Puka Klajdi, Smith Mary Lou
Department of Psychology, The Hospital for Sick Children, Toronto, Ontario, Canada.
Department of Psychology, University of Toronto Mississauga, Mississauga, Ontario, Canada.
Epilepsia. 2015 Jun;56(6):873-81. doi: 10.1111/epi.13004. Epub 2015 May 4.
This study examined the influence of seizures, antiepileptic drugs (AEDs), intelligence quotient (IQ), and symptoms of depression and anxiety on health-related quality of life (HRQOL) 4-11 years after pediatric epilepsy surgery.
Participants were 109 patients with childhood-onset intractable epilepsy; 71 had undergone surgery on average 6.9 years before this study. Patients and their parents completed questionnaires assessing HRQOL and internalizing behavior, a measure of depression and anxiety symptoms.
Similar rates of recent seizure freedom were found for surgical and nonsurgical patients, although surgical patients had achieved seizure freedom sooner and with fewer AEDs. Few differences were found between surgical and nonsurgical patients. Differences emerged when comparing patients with continued seizures and those who had been seizure-free in the 12 months preceding the study. Almost all HRQOL ratings were enhanced in seizure-free patients. Internalizing behavior (anxiety/depression) mediated the relationship between seizure freedom and better HRQOL, where seizure freedom led to better ratings of anxiety/depression, which in turn led to better ratings of HRQOL. AED use was found to be associated with social functioning, medication effects, and seizure worry. IQ and duration of follow-up were not found to independently influence HRQOL.

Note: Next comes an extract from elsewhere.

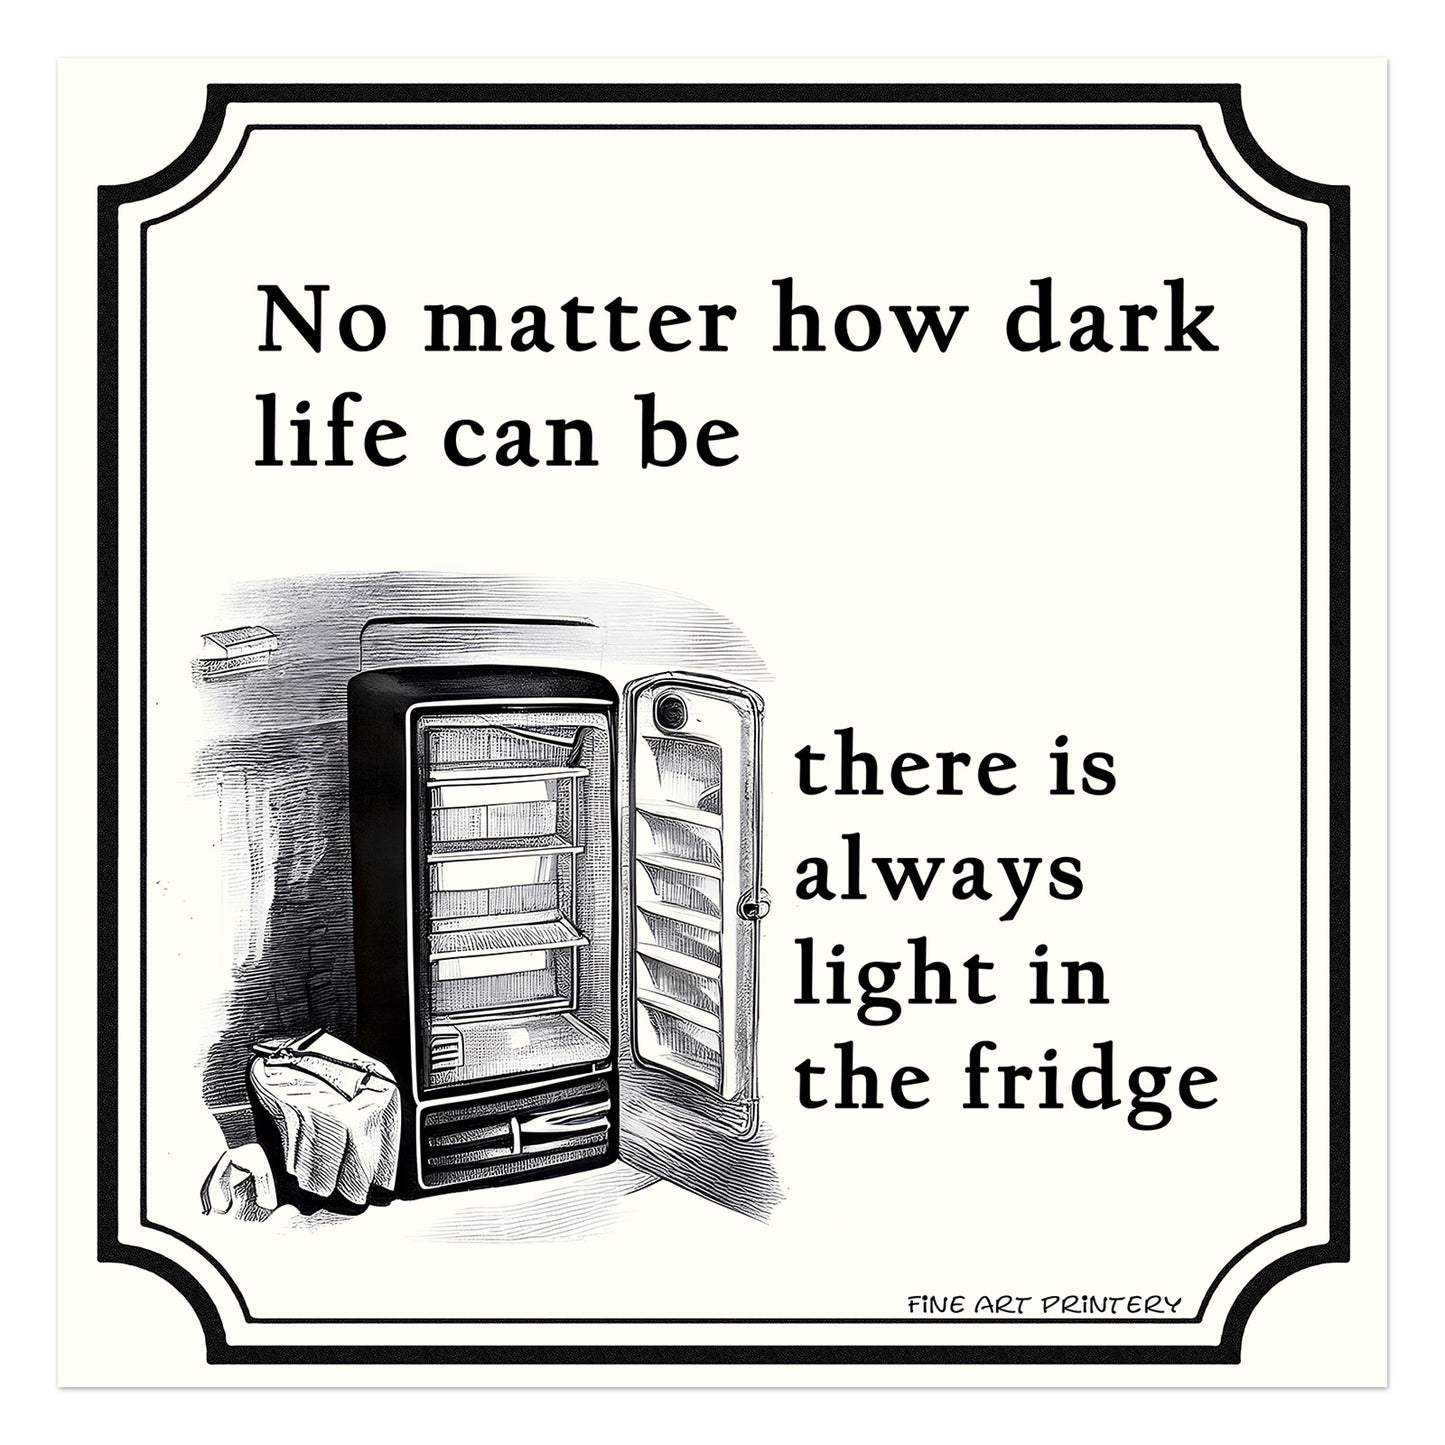 Uanset hvor mørkt livet kan være, er der altid lys i køleskabet

The findings highlight the integral role of depression and anxiety symptoms in determining HRQOL; seizure control seems to play a secondary role. This study expands this relationship to individuals who have a history of intractable childhood epilepsy. The findings highlight the importance of managing depression and anxiety in improving the HRQOL and reducing seizure burden on patients.

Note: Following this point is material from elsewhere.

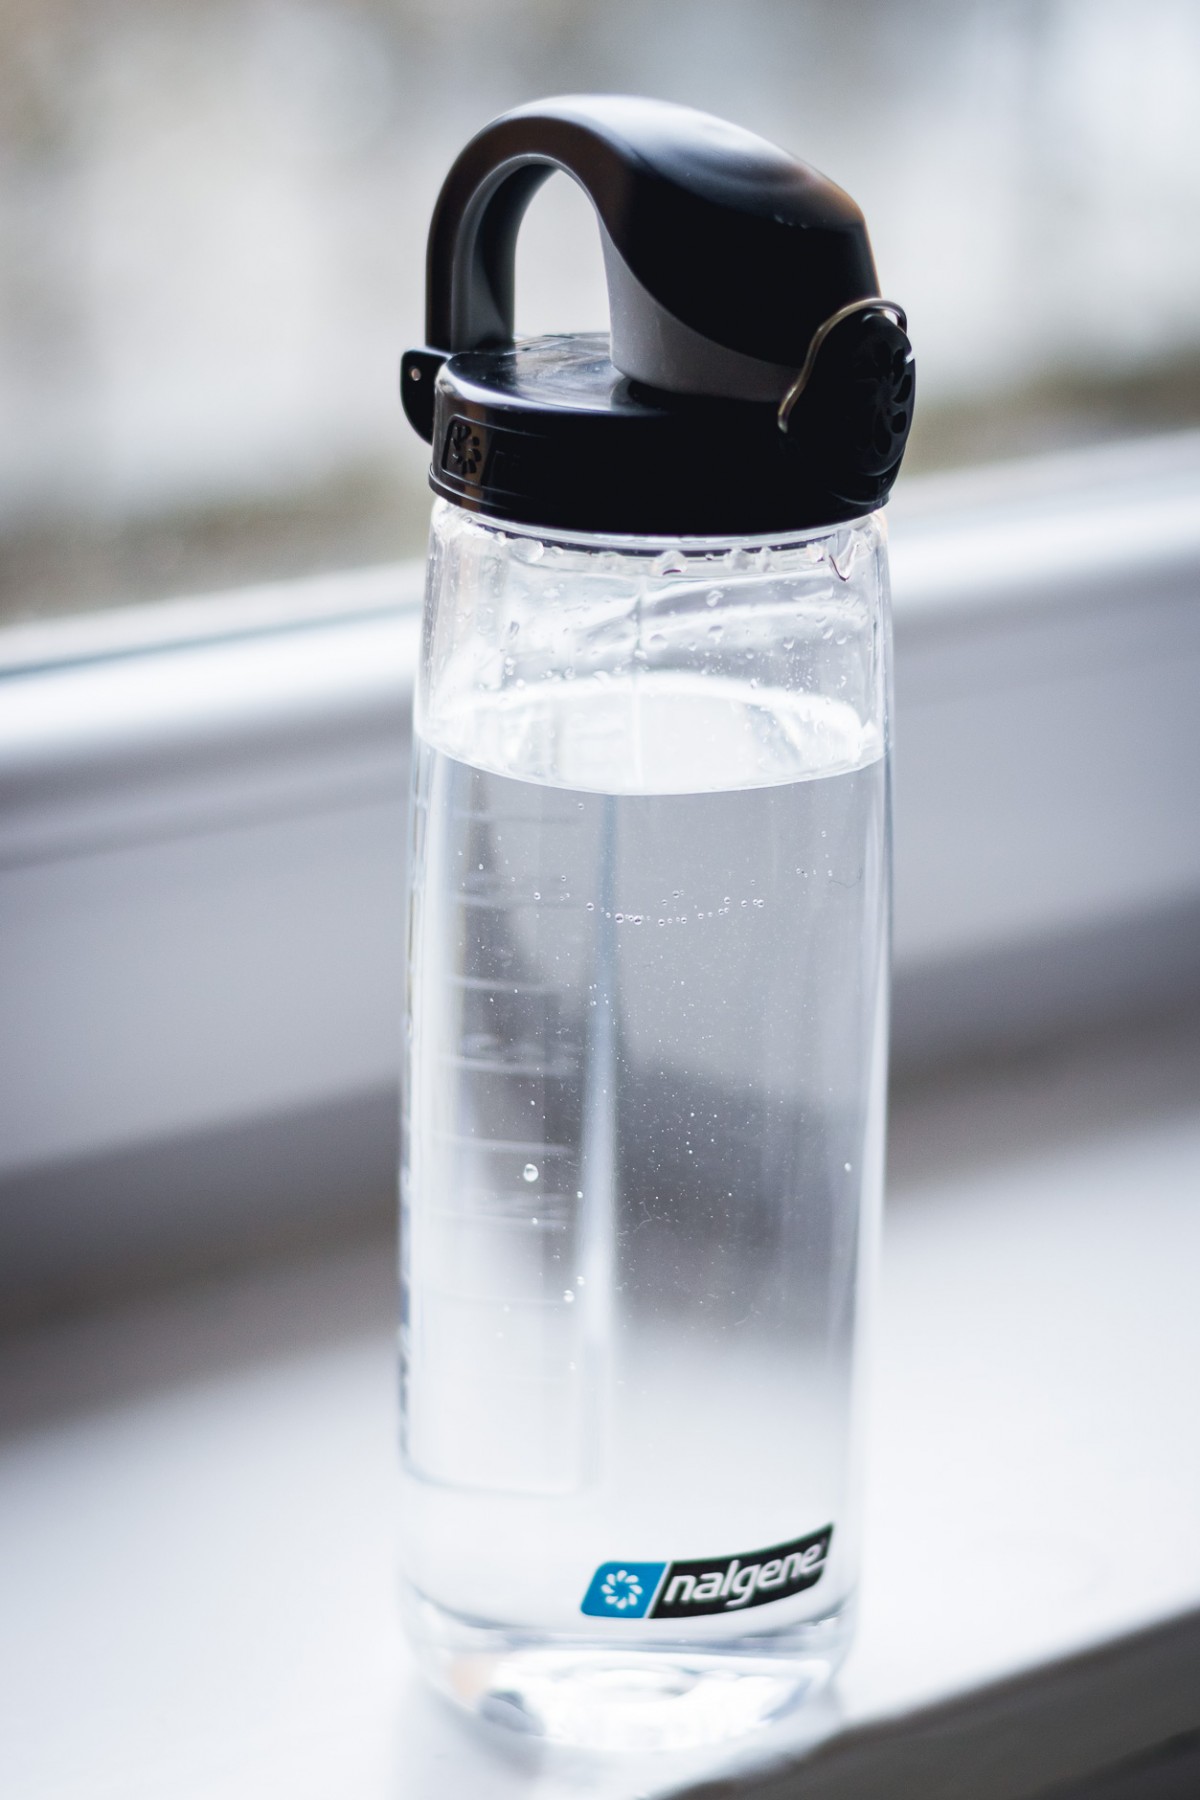 Nalgene water bottle in Germany

本研究探讨了癫痫发作、抗癫痫药物(AEDs)、智商(IQ)以及抑郁和焦虑症状对小儿癫痫手术后4至11年健康相关生活质量(HRQOL)的影响。
研究对象为109例儿童期起病的难治性癫痫患者;其中71例平均在本研究前6.9年接受了手术。患者及其父母完成了评估HRQOL和内化行为的问卷,内化行为是抑郁和焦虑症状的一种测量指标。
手术患者和非手术患者近期无癫痫发作的比例相似,尽管手术患者实现无癫痫发作的时间更早且使用的AEDs更少。手术患者和非手术患者之间几乎没有差异。在比较研究前12个月内仍有癫痫发作的患者和无癫痫发作的患者时出现了差异。几乎所有HRQOL评分在无癫痫发作的患者中都有所提高。内化行为(焦虑/抑郁)介导了无癫痫发作与更好的HRQOL之间的关系,即无癫痫发作导致焦虑/抑郁评分更好,进而导致HRQOL评分更好。发现AEDs的使用与社会功能、药物作用和癫痫担忧有关。未发现IQ和随访时间独立影响HRQOL。
研究结果突出了抑郁和焦虑症状在决定HRQOL中的重要作用;癫痫控制似乎起次要作用。本研究将这种关系扩展到有儿童难治性癫痫病史的个体。研究结果强调了管理抑郁和焦虑对改善HRQOL以及减轻患者癫痫负担的重要性。